Gaspar Gálvez

Personal information
- Full name: Gaspar Gálvez Burgos
- Date of birth: 7 July 1979 (age 46)
- Place of birth: Córdoba, Spain
- Height: 1.83 m (6 ft 0 in)
- Position: Defender

Youth career
- Séneca
- Atlético Madrid

Senior career*
- Years: Team / Apps / (Gls)
- 1997–2000: Atlético Madrid B / 31 / (0)
- 1998–2000: Atlético Madrid / 36 / (0)
- 2001: Oviedo / 18 / (0)
- 2001–2003: Valladolid / 36 / (0)
- 2003–2004: Atlético Madrid / 27 / (0)
- 2004–2005: Albacete / 25 / (1)
- 2005–2008: Alavés / 80 / (1)
- 2008–2013: Córdoba / 103 / (2)
- 2013–2014: Mirandés / 8 / (0)
- 2014–2015: Huesca / 17 / (1)
- Total:  / 381 / (5)

International career
- 1998: Spain U18 / 1 / (0)
- 1998–2000: Spain U21 / 4 / (0)

Managerial career
- 2018–2021: Córdoba (youth)
- 2021–2024: Córdoba B (assistant)
- 2024–2026: Córdoba B

= Gaspar Gálvez =

Spanish footballer (born 1979)

Gaspar Gálvez Burgos (born 7 July 1979) is a Spanish former professional footballer who played as a defender, and a current manager.
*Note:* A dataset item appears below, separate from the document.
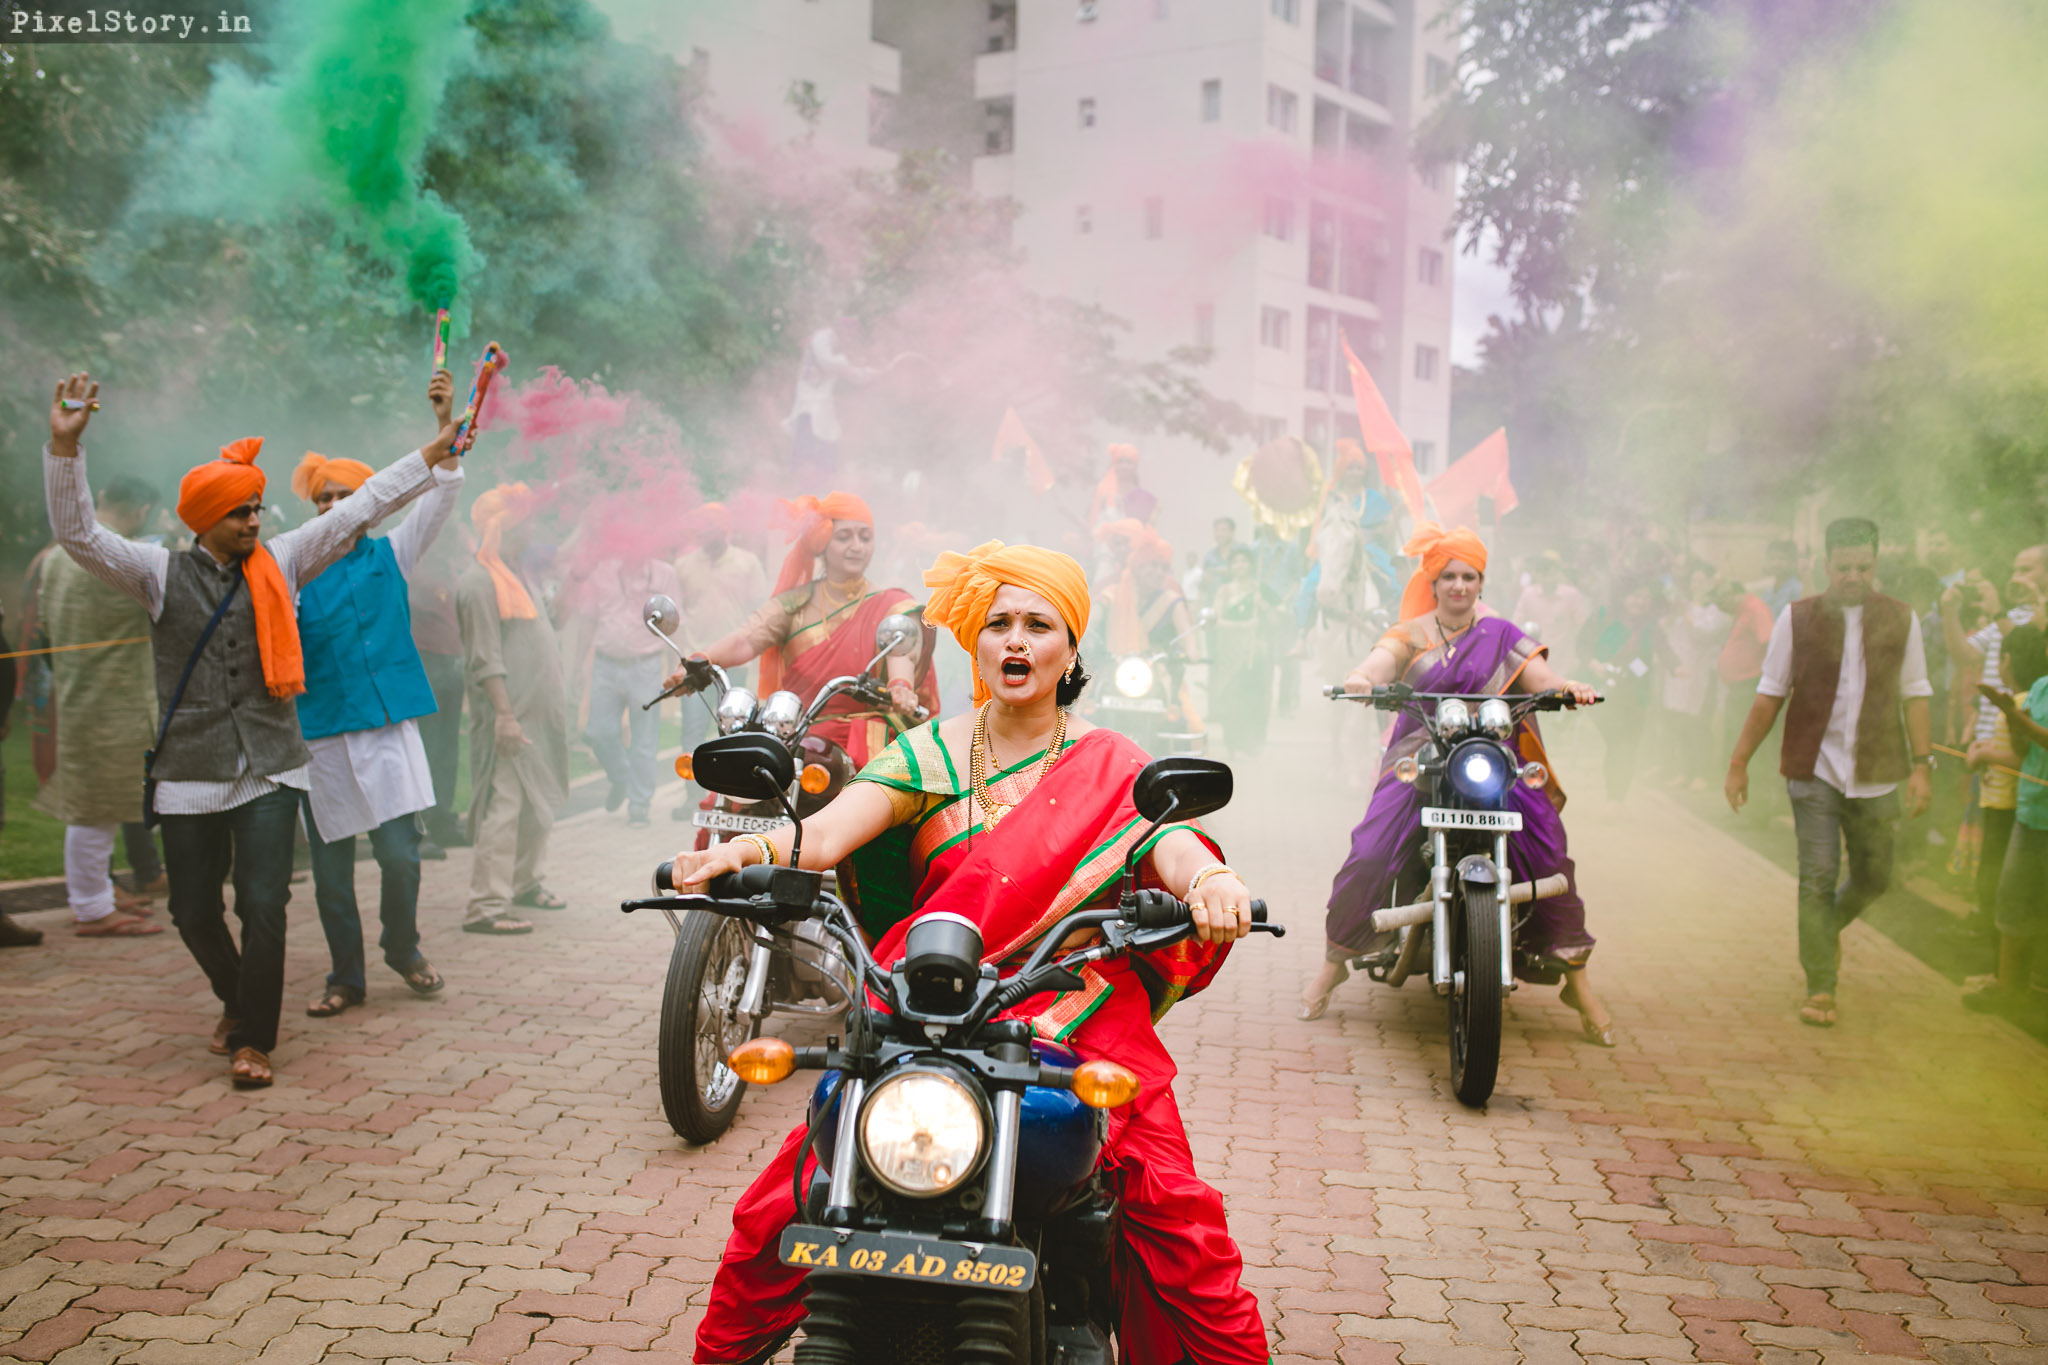 PixelStory-Ganesh-Utsav-2017-007.jpg

He started his career with Atlético Madrid, and went on amass La Liga totals of 156 games and one goal over eight seasons, also representing in the competition Oviedo, Valladolid, Albacete and Alavés. He added 208 matches and three goals in the Segunda División, mainly at the service of Córdoba.

==Club career==
Gálvez was born in Córdoba, Andalusia. A product of Atlético Madrid's youth system, he made his first-team – and La Liga – debut on 3 January 1999 in a 3–2 away win against Racing de Santander where he came on as a late substitute, and alternated between the A and B sides for several years; at the end of his second professional season, the former were relegated to Segunda División for the only time in their history.

Following a six-month spell at Real Oviedo, with another top-flight relegation, Gálvez signed with Real Valladolid for two seasons, being re-bought by Atlético afterwards. He was released at the end of a sole campaign, and was subsequently successively relegated from the main division with Albacete Balompié (where he scored his first goal as a professional, in a 1–1 draw at Levante UD on 18 December 2004) and Deportivo Alavés.

Gálvez then played two more years in the second tier with the Basques, returning to hometown's Córdoba CF in summer 2008 also in that league. He alternated between the starting XI and the bench until his departure in June 2013.

Gálvez retired in January 2015 aged 35, after spells at CD Mirandés (second division) and SD Huesca (Segunda División B).

==International career==
Gálvez was pre-selected by Spain for the 1999 FIFA World Youth Championship, but eventually did not make the final cut as the national side went on to win the title in Nigeria. Before and after that, he won caps at under-21 level.